When it comes right down to it, it’s flowers that make a garden glow. Our brains are wired for color, a development essential for proto-humans to spot ripe fruit in a tree canopy, or knowing which team to root for in the Neanderthal vs. Australopithecus Olympics. We don’t have 6 million cone cells in each eye for nuthin’.
Flowers wake up a garden. And they’re sexy, literally. All those petals, stamens, pistils and ovaries aren’t just for show; they’re how plants reproduce. Their shape, location on the plants, and color determine who pollinates them (birds or bees or butterflies or beetles; wind, too).
Although the plant could care less, one of our main concerns when deciding which flowers to add to our garden boils down to human superficiality: Is it a hottie?
Picking your posies
Stylin’: Look for examples of the style garden you’re designing- Old World, tropical, urban- and notice how floral color is handled. Are flowers the dominant feature or are they applied with a subtle hand? Does the design use just a few crayons from the box, or is it Jackson Pollack’s controlled madness?
The color scheme for a woodland garden should be more muted than a sunny border of a cottage garden, since we’re trying to capture the quiet and calm of a forest floor. In desert gardens, flowers are often short-lived, but maximize their likelihood of reproducing by sporting brilliant, neon colors.
Context: Take note of what’s surrounding your garden, on your neighbor’s property or in a distant vista. A garden that responds to the context around it benefits from “borrowing” colors and forms from the scenery to extend its visual limits.
It’s not always necessary to blend in with the surroundings. Unlike a garden with vistas to dramatic mountains, a garden in the midst of about-up environment can assume virtually any style without contradicting its context. The key thing is to make a conscious decision whether to embrace what’s already there, or knowingly contradict it.
Closer to home, literally, context means considering the colors and materials of your exterior house walls. Too often, even someone with a good grasp of color theory succumbs to tunnel vision. As if picking swatches at the local paint store, instead of plants, they succeed in developing a palette of colors that, standing alone, would be attractive. But if they haven’t paid attention to the finishes of the house, paving materials, furnishings, or fence, the result could make even a colorblind beagle bury her head in the compost pile.
Color in the garden does not exist in a vacuum-one of your design objectives is to be able to say, “Yes, I meant to do that.”
Your color scheme for plants and everything else in your yard should coordinate with house, paving materials, fences and furnishings. I’ve seen beautifully conceived warm color schemes planted next to a building dominated by cool, blue-gray siding, a design decision that had a jarring effect on the big picture.

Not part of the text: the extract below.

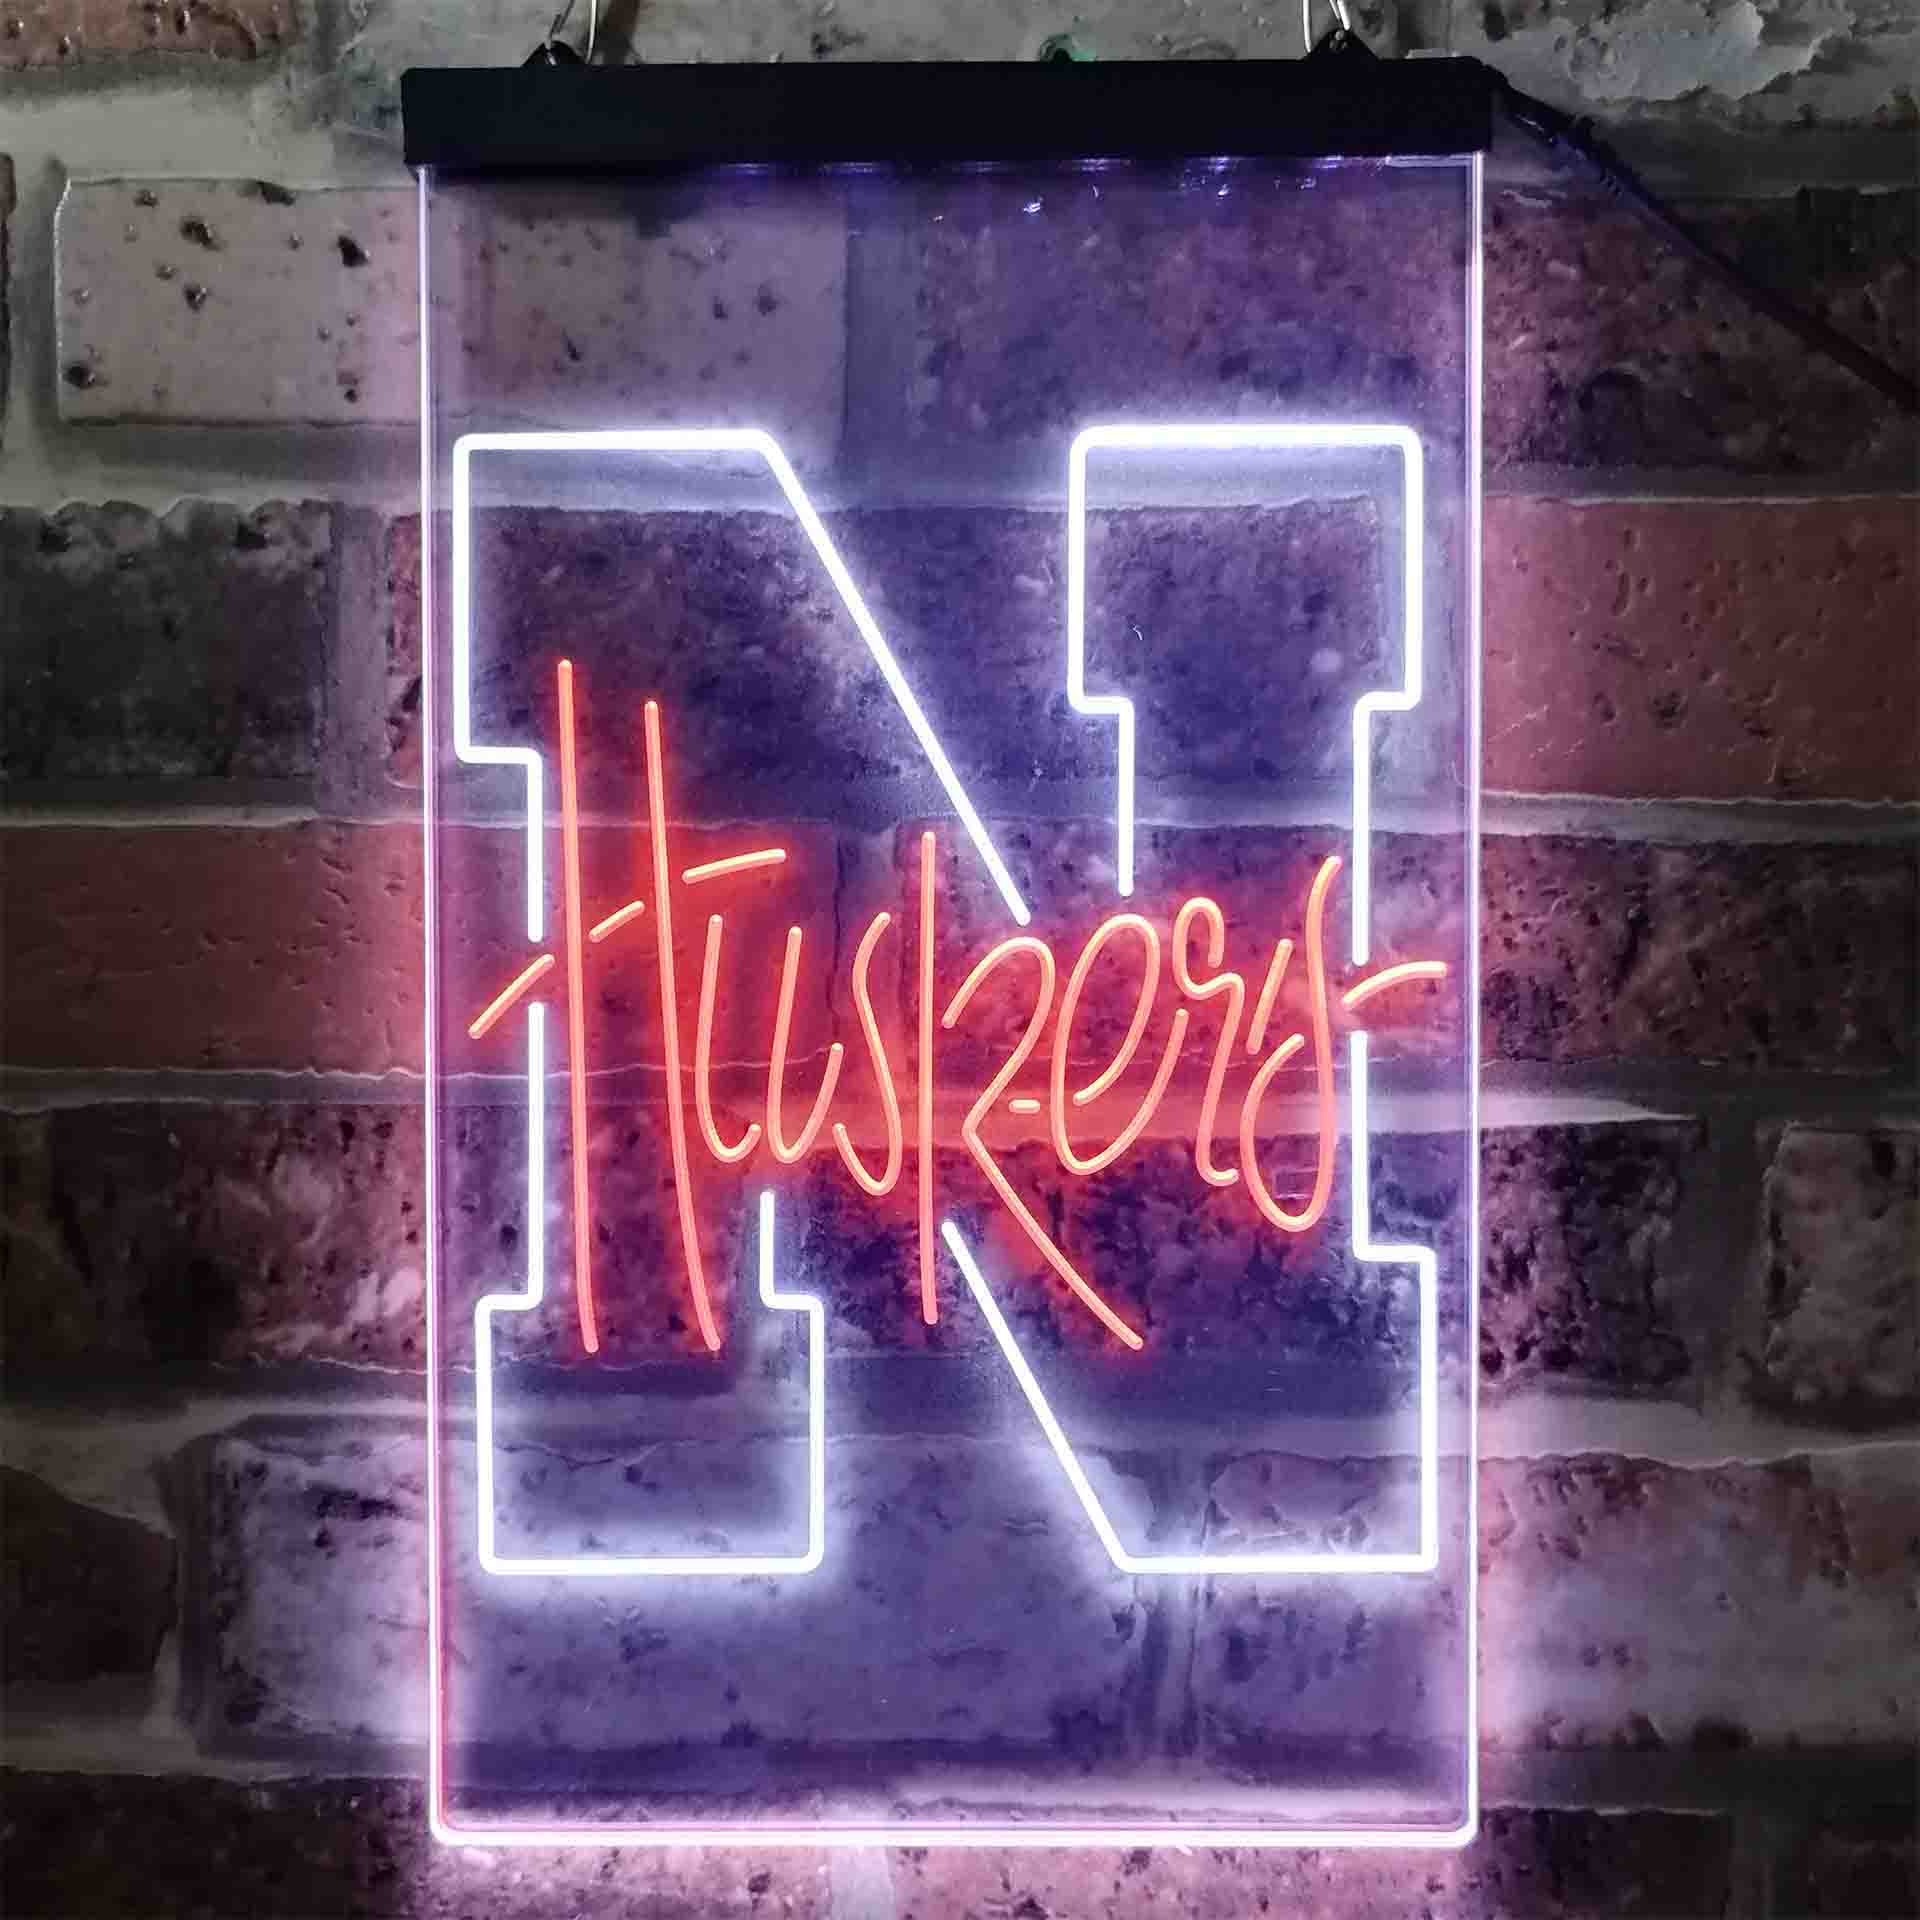 Nebraskas Football Team Sport Club Cornhuskers Group LED Neon Sign
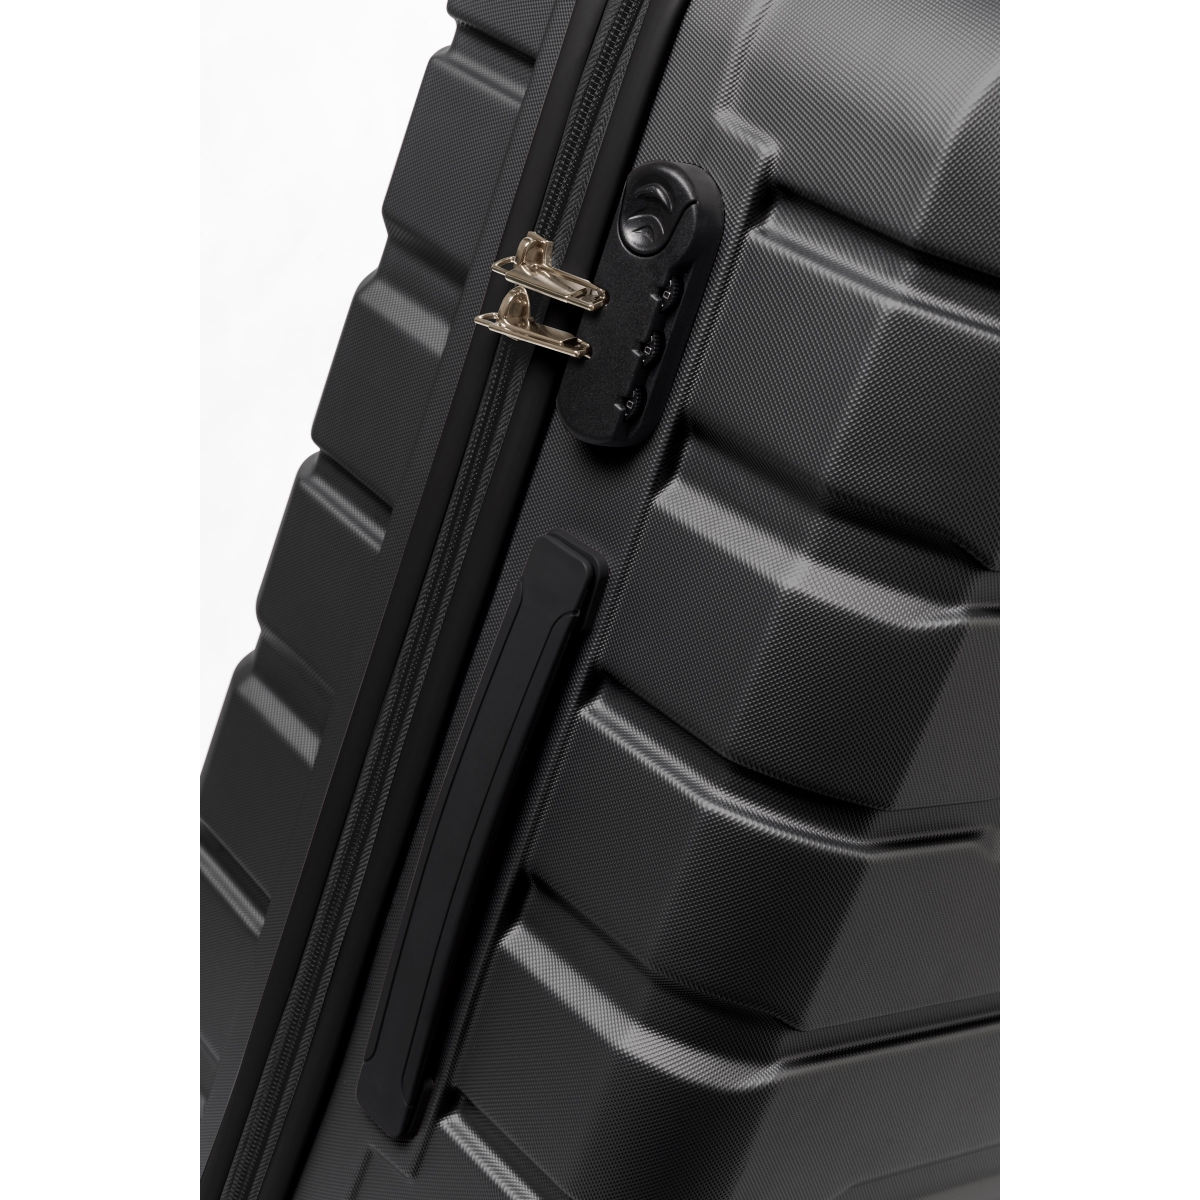 Gedox Abs Premium Tonaton 3'lü Valiz Seyahat Seti - Model:500.01 Siyah

Plant form: One more pug for paying attention to more than just the color of the flower petals. Even though our attention is usually on the actual hue of the petals, all the other characteristics of a plant come into play. It’s fine to decide you want a splash of bright yellow in the garden. Your final choice shouldn’t stop there. Will the color come from a slice of yellow flag (Iris pseudoacorus), with its slender, vertical architecture, a mound of cloud- like forsythia, or a low, buttery spread of pansies? As long as you’re picking plants, you might as well exploit as many visible features as possible.
Seasonal Changes: As you consider plants for your palette, don’t just focus on the appearance at peak bloom. Most plants transform throughout the season, like the way rose blossoms mature into fiery red hips, adding a new dimension to the garden in fall.
Consider how the plant’s foliage complements or contrasts with the blossoms. One plant that stymies me (so I don’t use it) is Brazilian Sky flower, a great screening shrub that blooms, as you would imagine, with sky-blue flowers. It would make a fine backdrop for other plants in the purple to lavender range. But later in the year, the flowers ripen into the clusters of tiny orange berries. So do you use it as a cool color addition in spring, but allow for it to transform to the warm component of the bed later in the season? This metamorphosis can change a garden’s appearance from month to month, which is what makes garden design so exciting and sometimes perplexing.
Timing is everything. Like with airlines, life would be much easier if flowers had reliable schedules. Wouldn’t it be cool if plant labels said: “Flowers appear June 7 at3:30 p.m., ceasing on July 4, right after the fireworks finish and all your guests leave.” Then you could create reliable color combos that match the seasonal table settings on your patio. Do your research and try to find out when each plant is most likely to bloom, and you’ll have a great show. You might want to revisit Chapter 7’s discussion of the four- season garden.